SPI was calculated at different time scales, but the analysis showed that more drought events (SPI ≤ −1) occurred at April–September time scale (Yala season) than the 3-month, 6-month (Maha season), and annual SPI time scales. During 1975-76 hydrological year, 52% of stations showed drought more than other years while 8 out of 54 stations showed extreme drought events during annual SPI time scale. Drought analysis based on crop season, there were moderate, severe or extreme drought events occurred in 1970-71, 1985-86, 1993-94, 1999-00, 2010-11, and 2012-13 hydrological years during Yala season (April-September) only. During July–September SPI time scale, all the stations during the 2015-16 hydrological year showed the SPI values below zero while 26 out of 54 stations showed the occurrence of extreme drought events.

Based on Thiessen polygon average rainfall, there were more frequent drought events in the dry zone (57%) than the wet (49%) and intermediate zones (47%) at the annual time scale. According to annual SPI time scale, stations in dry, intermediate, and wet zones showed more than 50% of the frequency of drought events at 72, 71, and 68% of stations, respectively. During Maha season, stations in dry and intermediate zones showed more than 50% of the frequency of drought events at 76% and 58% of stations, respectively, while the wet zone showed less than 50% of the frequency of drought at 59% of stations.
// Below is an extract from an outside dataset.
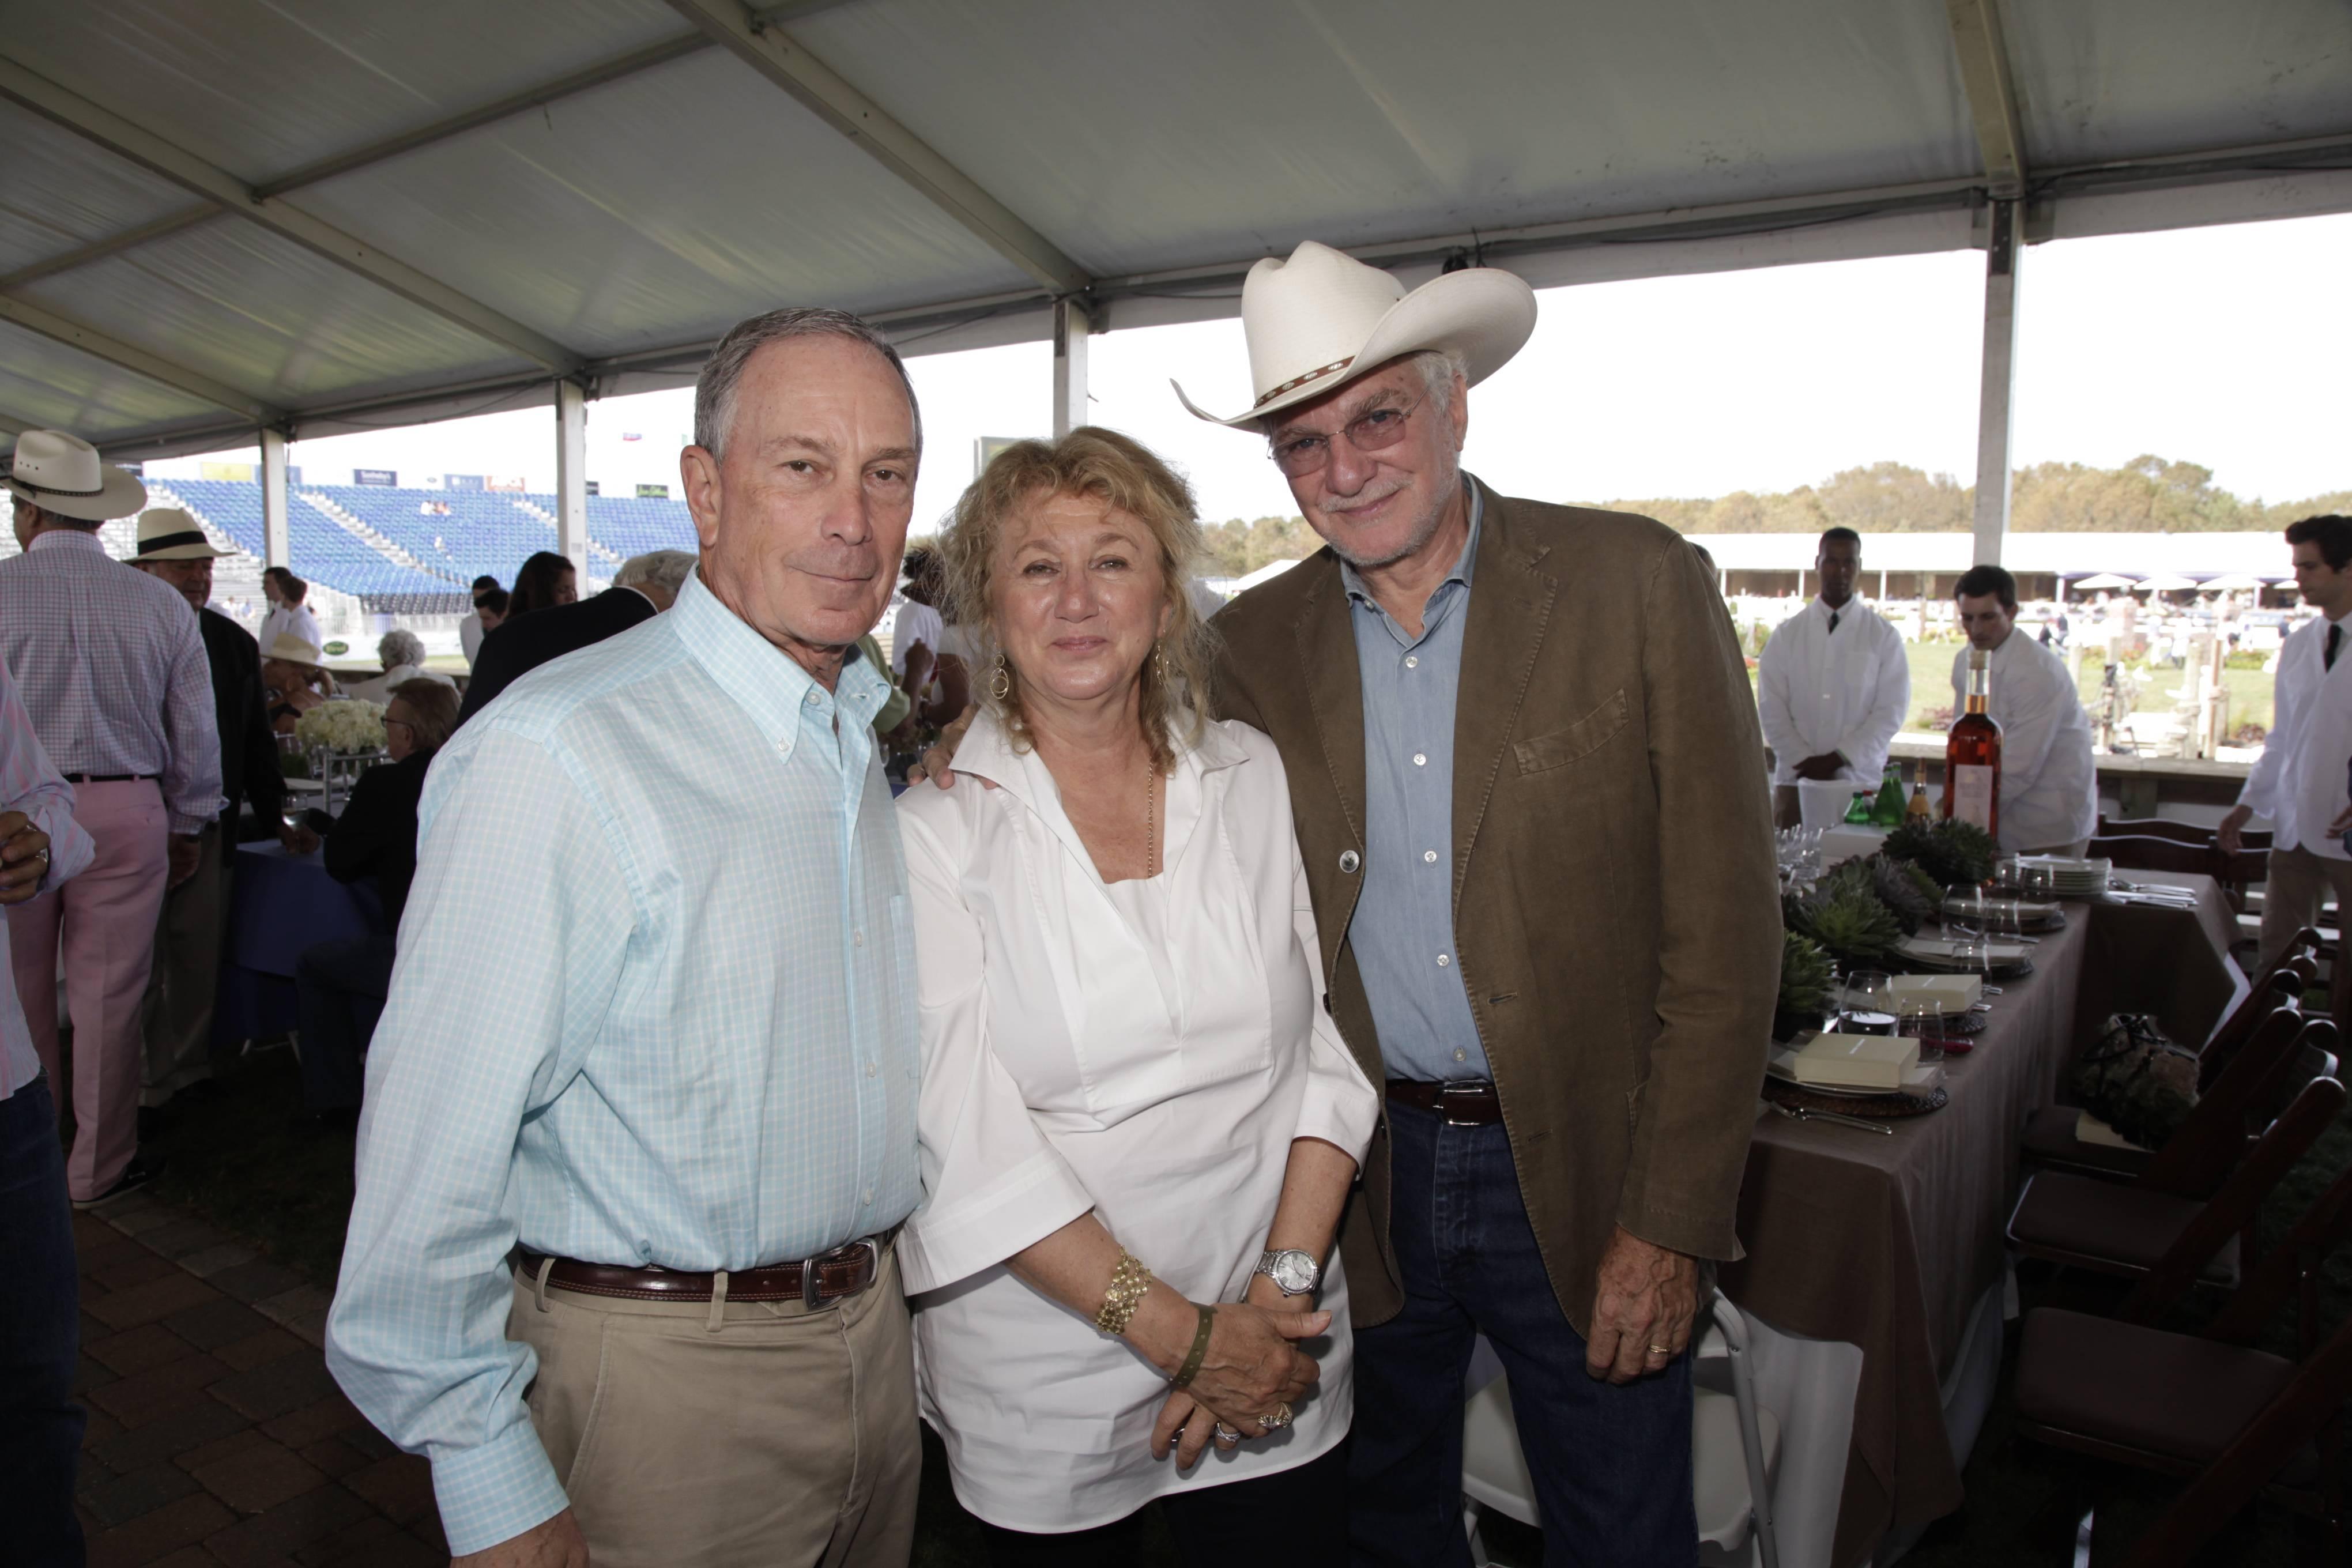 Mayor Bloomberg, SY, DY

Based on the Mann–Kendall trend test, Allai, Avissawella, Chilaw, Hingurakgoda, and Nuwara Eliya stations showed a statistically significant decreasing trend during the Yala season. The spatial variation of drought trend showed that part of the dry, wet and intermediate zone located in Western and South-western getting dryer. Particularly, dry and part of the intermediate zone are getting dryer during the Yala cropping season. The results of this study suggest an immediate drought mitigation plan for drought-prone areas, especially for the Yala cropping season, for the reduction of the disaster of droughts.

Data Availability

The data are available at the Meteorological department of Sri Lanka data portal.

Conflicts of Interest

The authors declare that they have no conflicts of interest.